:: Required work ::
A verbatim transcript of the data that follows, free of images, is the expected result.

:: Material provided ::

┌──

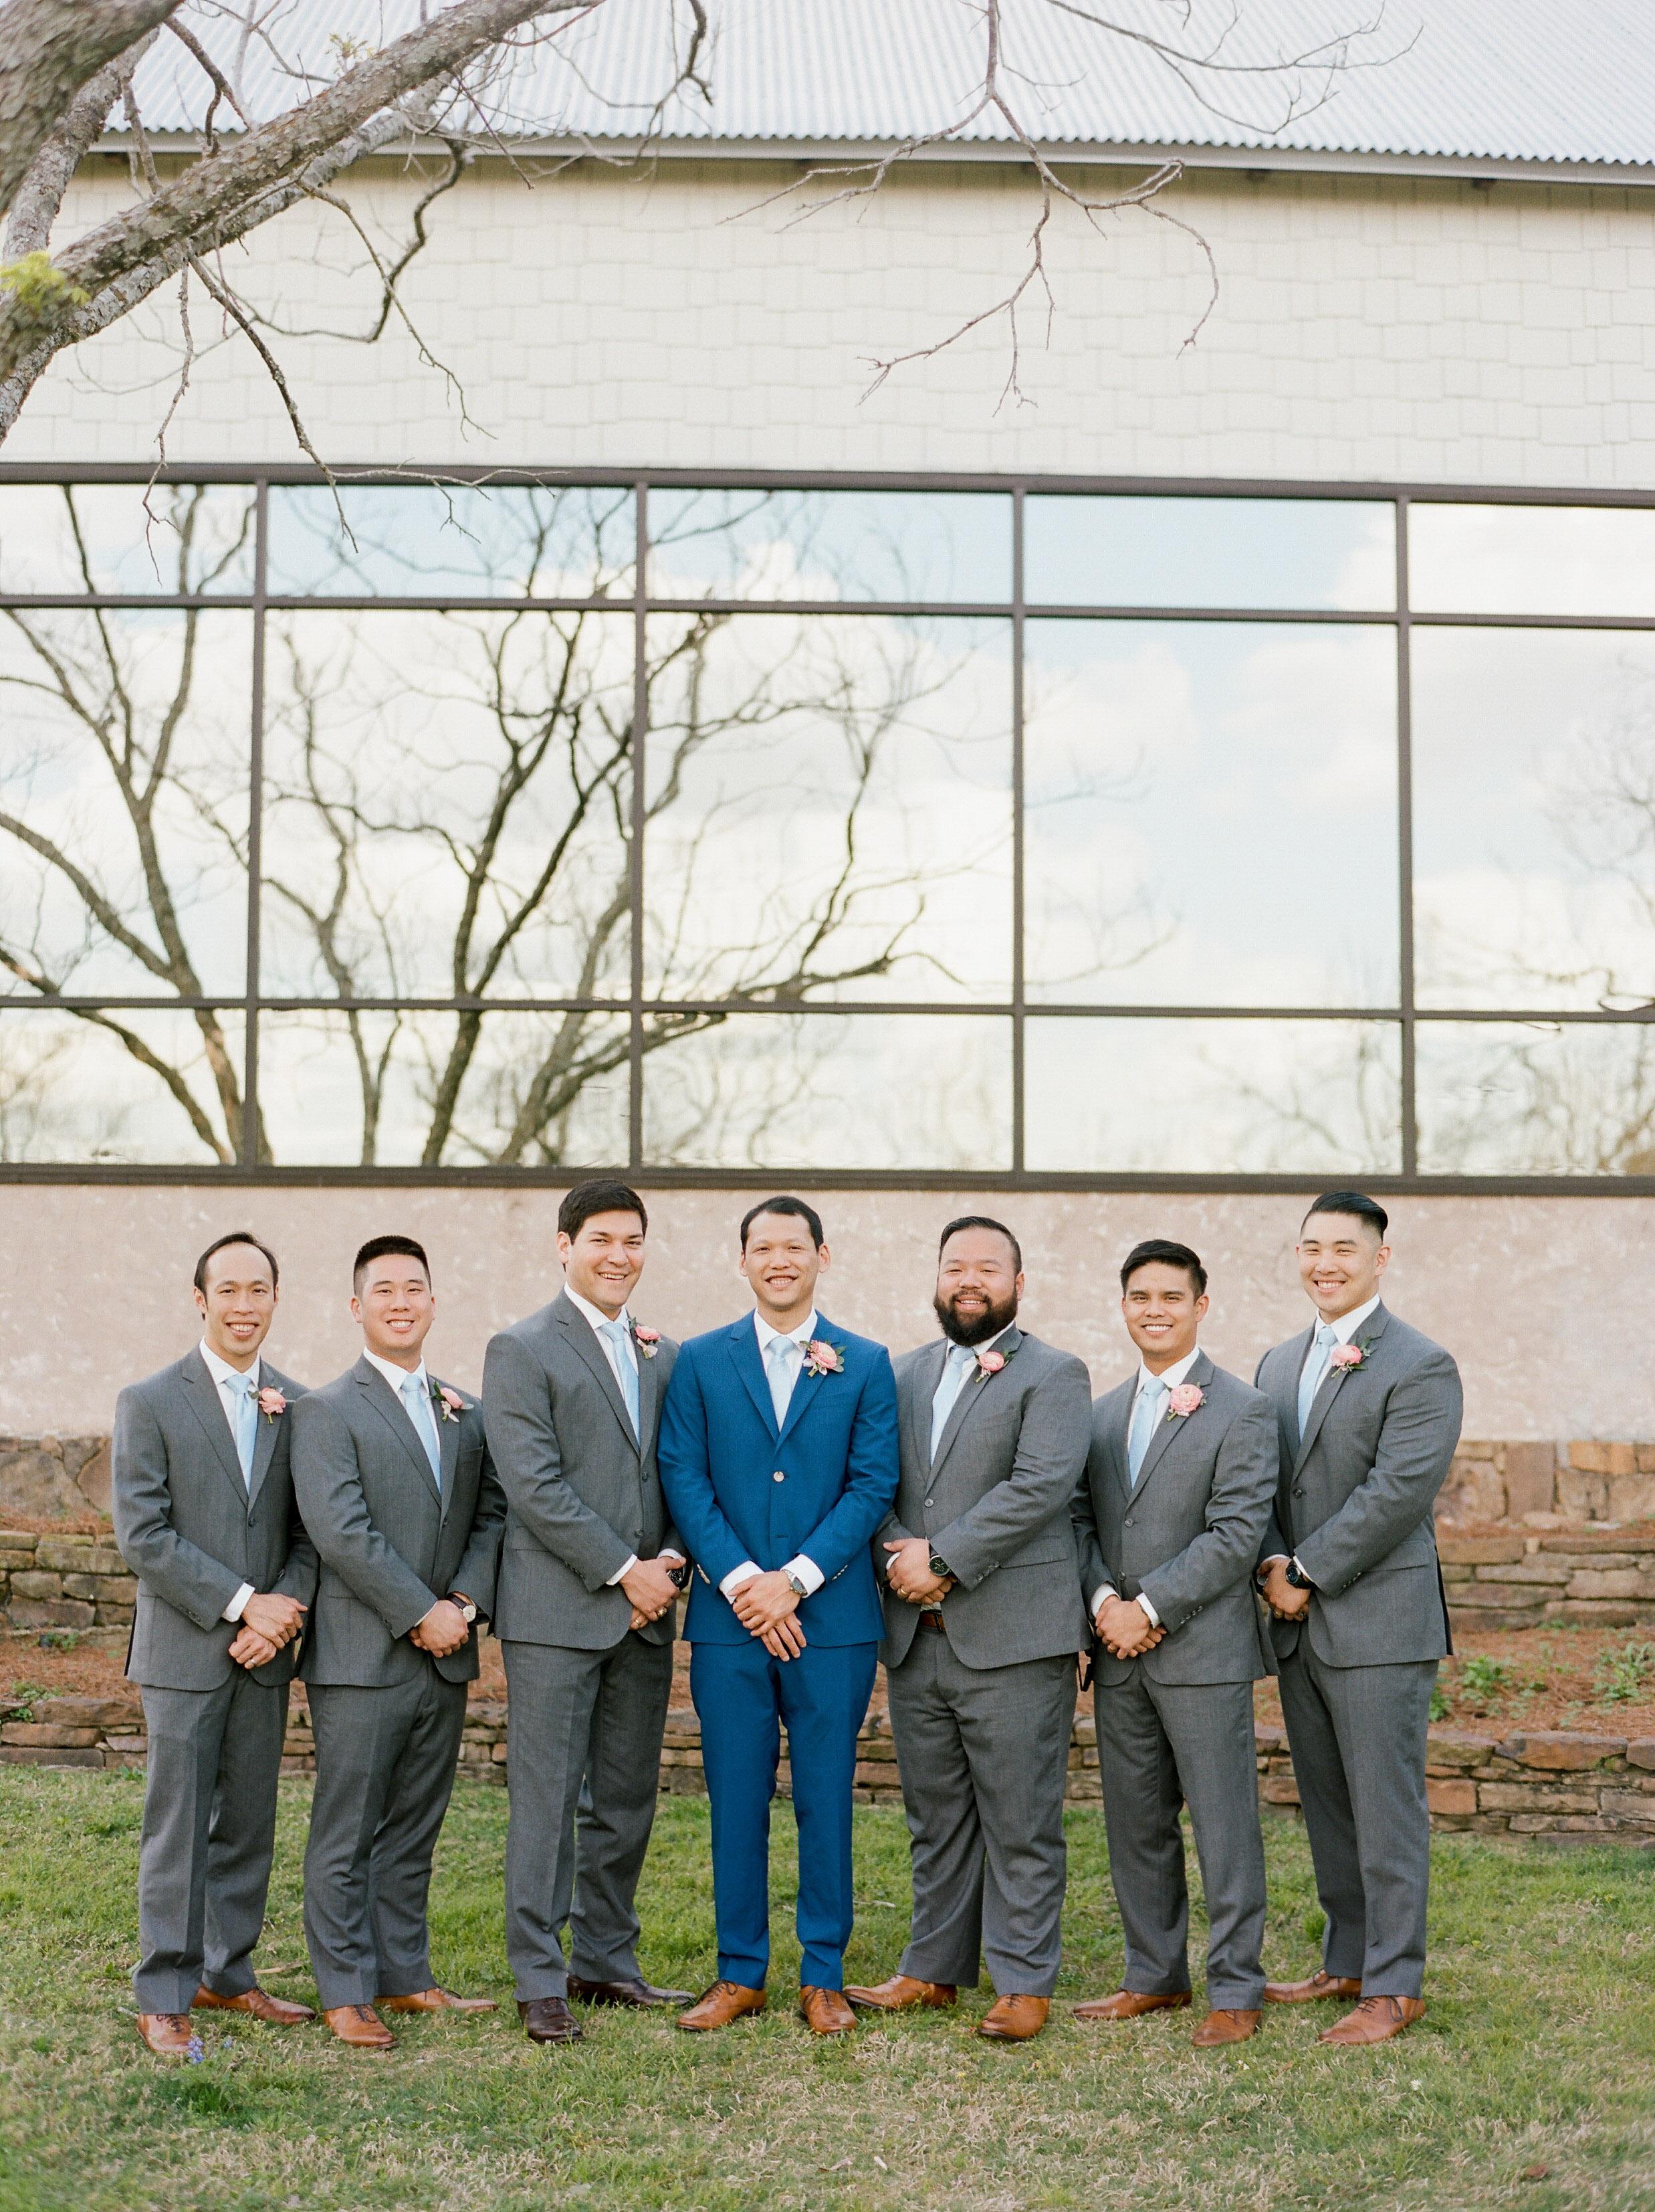 The-Knot-50-Weddings-50-States-Texas-Winner-Dana-Fernandez-photography-houston-wedding-photographer-film-fine-art-destination-18.jpg
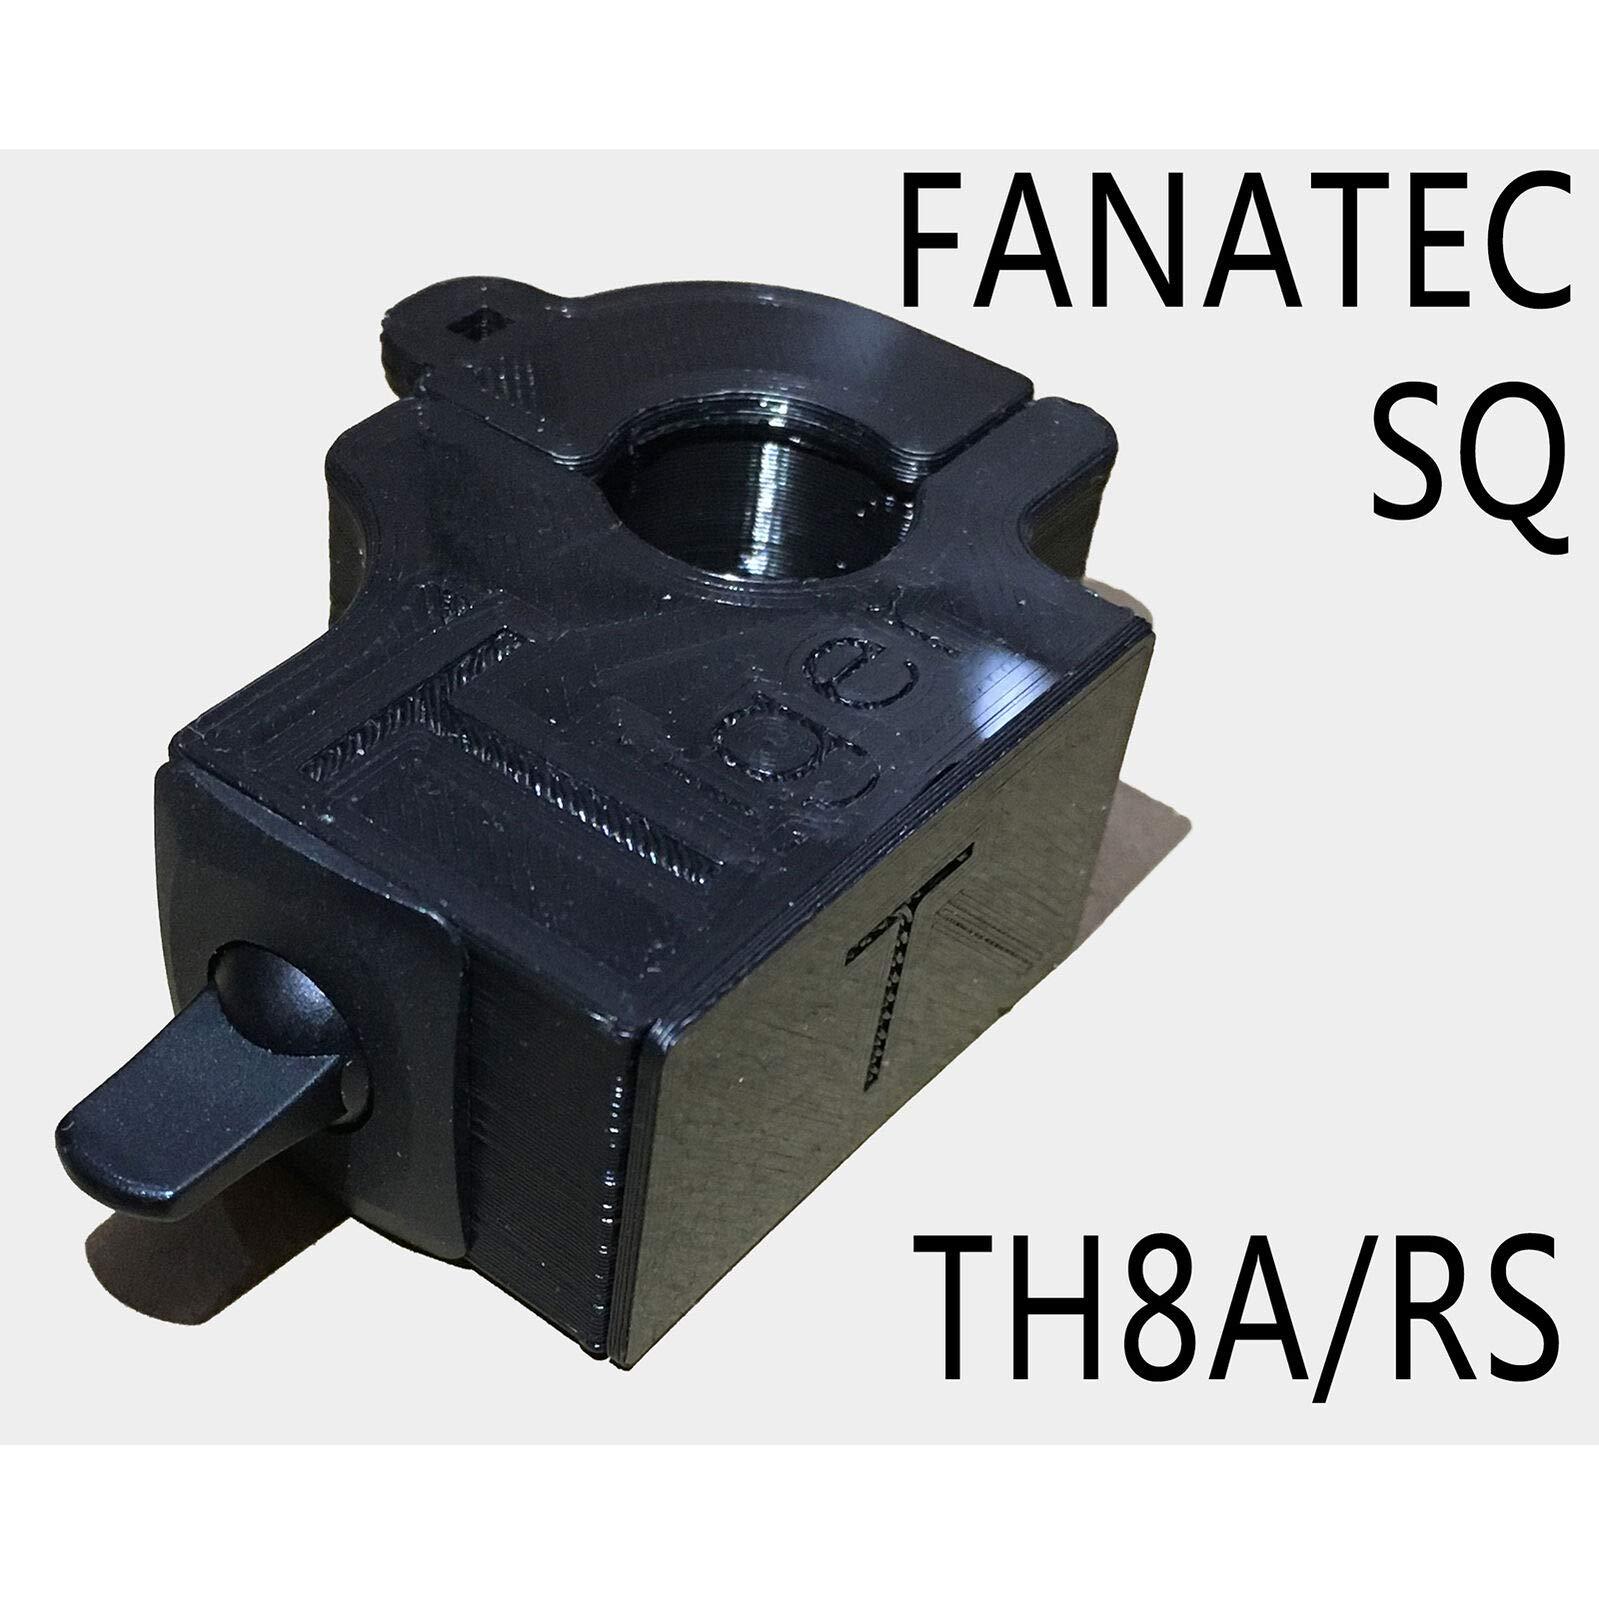 Mini 16 Speed Gearshift Shifter Module Standard Professional for Logitech G25/G27/G29/TH8A/FANATEC
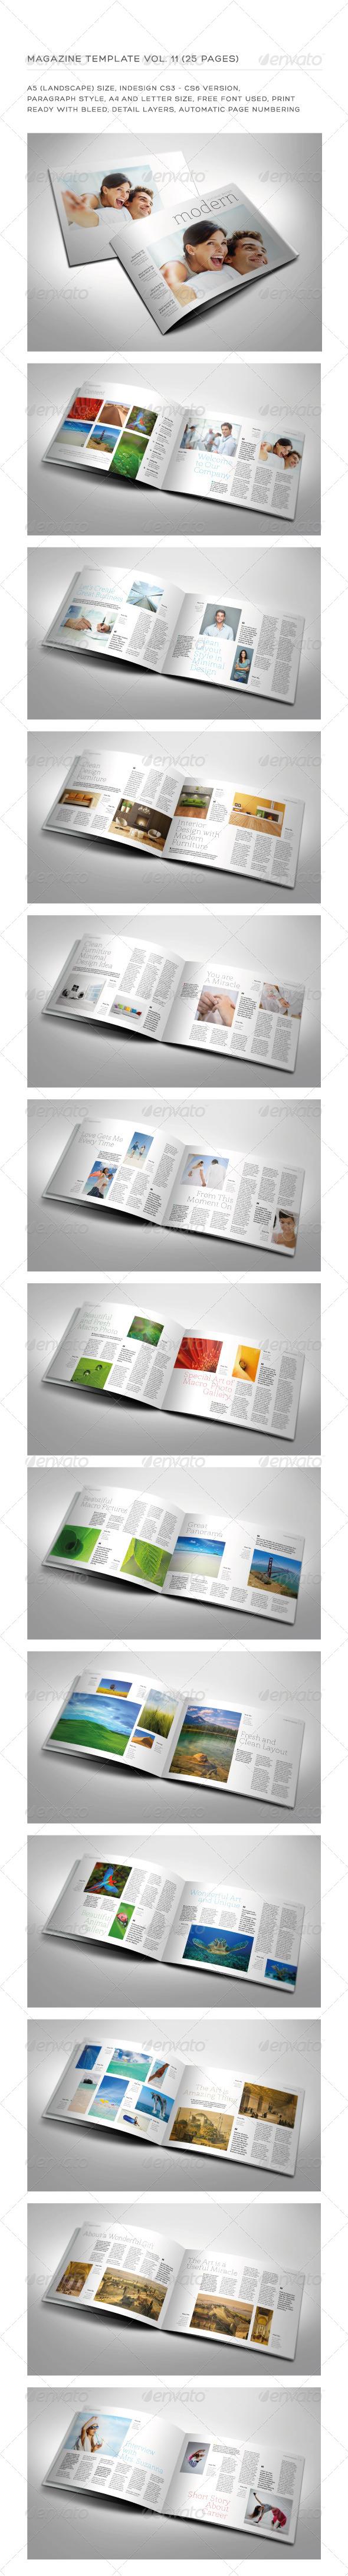 A5 Landscape 25 Pages mgz (Vol. 11) - Magazines Print Templates

└──

:: Exercise result ::
 The-Knot-50-Weddings-50-States-Texas-Winner-Dana-Fernandez-photography-houston-wedding-photographer-film-fine-art-destination-18.jpg
 Mini 16 Speed Gearshift Shifter Module Standard Professional for Logitech G25/G27/G29/TH8A/FANATEC
 A5 Landscape 25 Pages mgz (Vol. 11) - Magazines Print Templates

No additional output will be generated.